II. LITERATURE SURVEY
Initially created in the 1990s, convolutional neural networks use supervised learning to classify tagged images. In contrast to traditional neural networks, which can only process input vectors, CNNs can handle inputs of greater dimensions. A CNN can therefore be simply applied to a three-dimensional input image as a result. Shared parameters and sparse connections are the main advantages of CNNs. [2] CNNs typically consist of a convolutional layer with filters that combine with the input image. A pooling layer receives the output from this system after a predetermined number of these layers. As a one-dimensional vector, this can be further flattened and given to neural networks.
The fundamental concept of CNNs has several crucial applications, with surveillance being one among them. Given that existing models are becoming more accurate and that deep learning can completely automate monitoring, this is a very real scenario. The dangers that must be identified in a smart environment will commonly fall into a common category (such as fire, smoke, an unknown individual, etc.), making it easier to train a deep learning model with high accuracy. Because the cost of implementing these deep learning models has been steadily declining, artificially intelligent surveillance systems can be deployed widely. A brief summary of the significant developments in the field over the preceding ten years serves to illustrate this. ImageNet organizes the ILSVRC, an annual worldwide contest.[14]

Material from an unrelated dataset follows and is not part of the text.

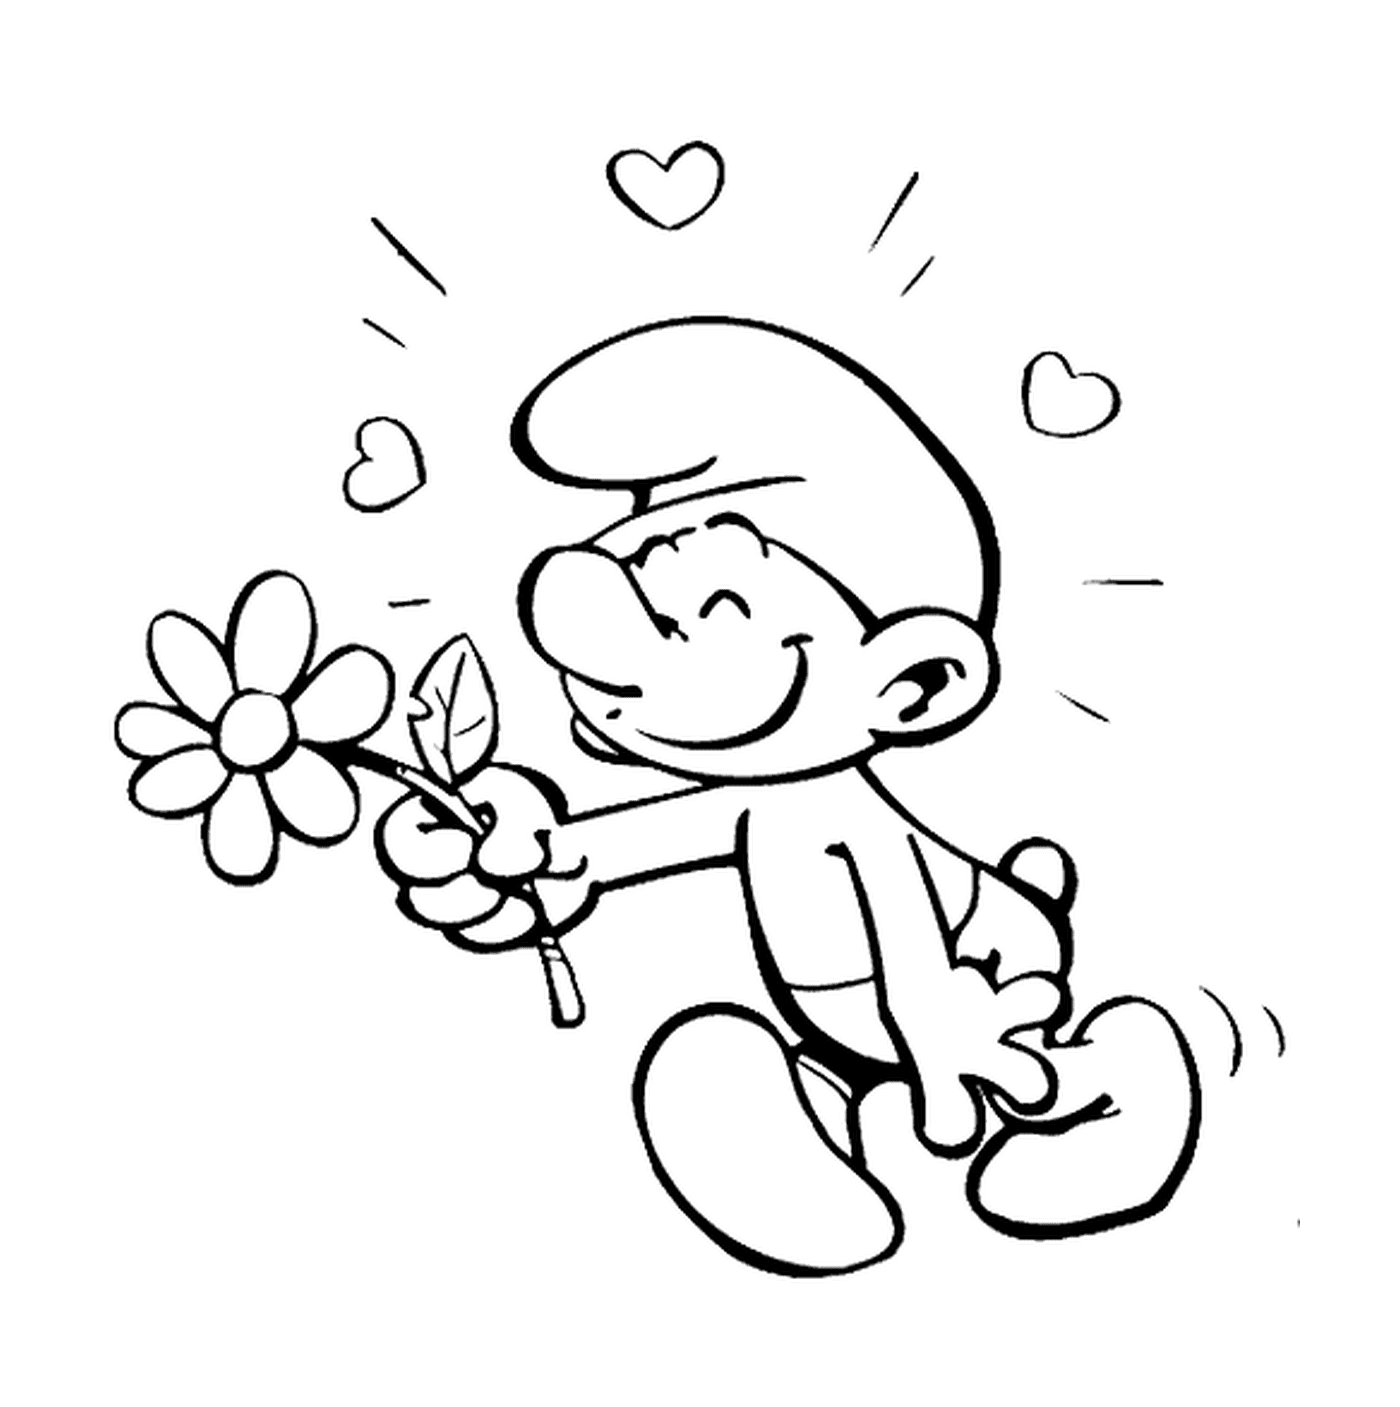  A love schtumpf holds a flower 
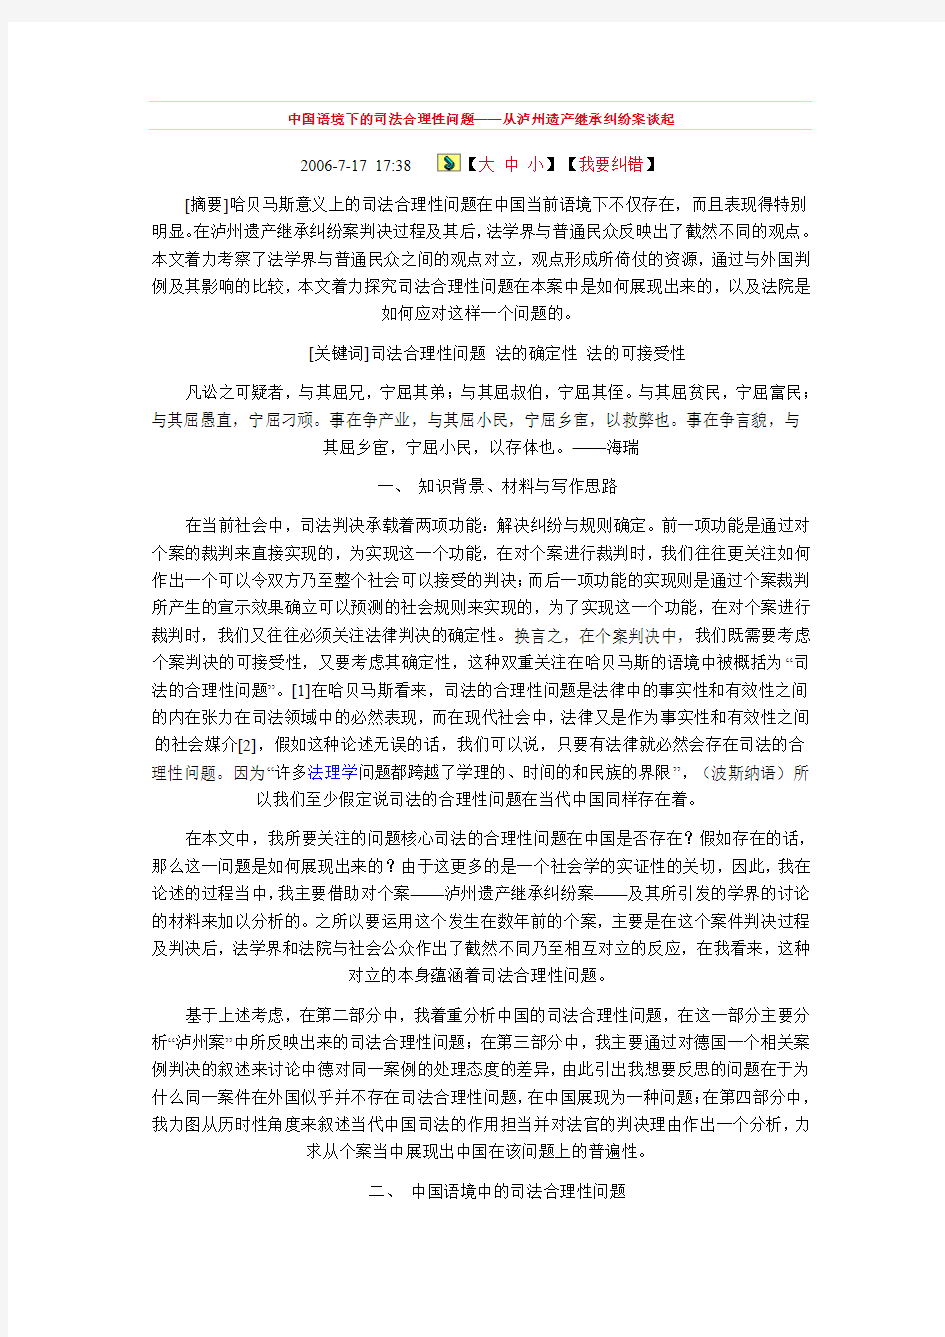 中国语境下的司法合理性问题——从泸州遗产继承纠纷案谈起

Finding out more about various object recognition and image classification methods by looking at the competition entries is beneficial. Comparing entries involves using the top-5 classification and localization error rates. Regarding its overall categorization technique and architectural design, each entry is unique. Different models employ various layer types, numbers of each layer, orderings, and hyperparameters like filter size and epochs. The most notable models are listed chronologically below:
AlexNet SuperVision performed better in 2012 than the industry average top-5 error rate, which was 15.3%. In the same year, a 6% error rate for the human classifier was recorded. Be aware that the theoretical premise of this study is that test error rate = 1 - test accuracy holds true. With an error of 11.7% in 2013, the ZFNet significantly lowered this number. In 2014, GoogLeNet followed suit with an error of 6.6%. An important aspect of the 2014 competition was the discovery that the winning model in the classification competition was not the best model for localization. Google's convolutional neural network was able to accurately classify dog breeds, while Karpathy, a human classifier, only managed an error of 5.1%. In February and December of 2015, Microsoft developed two models that reduced the error rate to 4.94% and 3.5%, respectively, effectively outperforming human accuracy for the first time ever. Trimps-Soushen developed and specified his model in Chinese with a 2.99% error rate. The SENet now has the lowest error of any model, at 2.251%. [13] These models are now particularly useful in the fields of surveillance and security measures since they are so accurate and persistent in comparison to human efforts, and because well-trained algorithms are frequently unbiased. A comparison of the error rates attained by deep learning models and people is shown in Figure 2.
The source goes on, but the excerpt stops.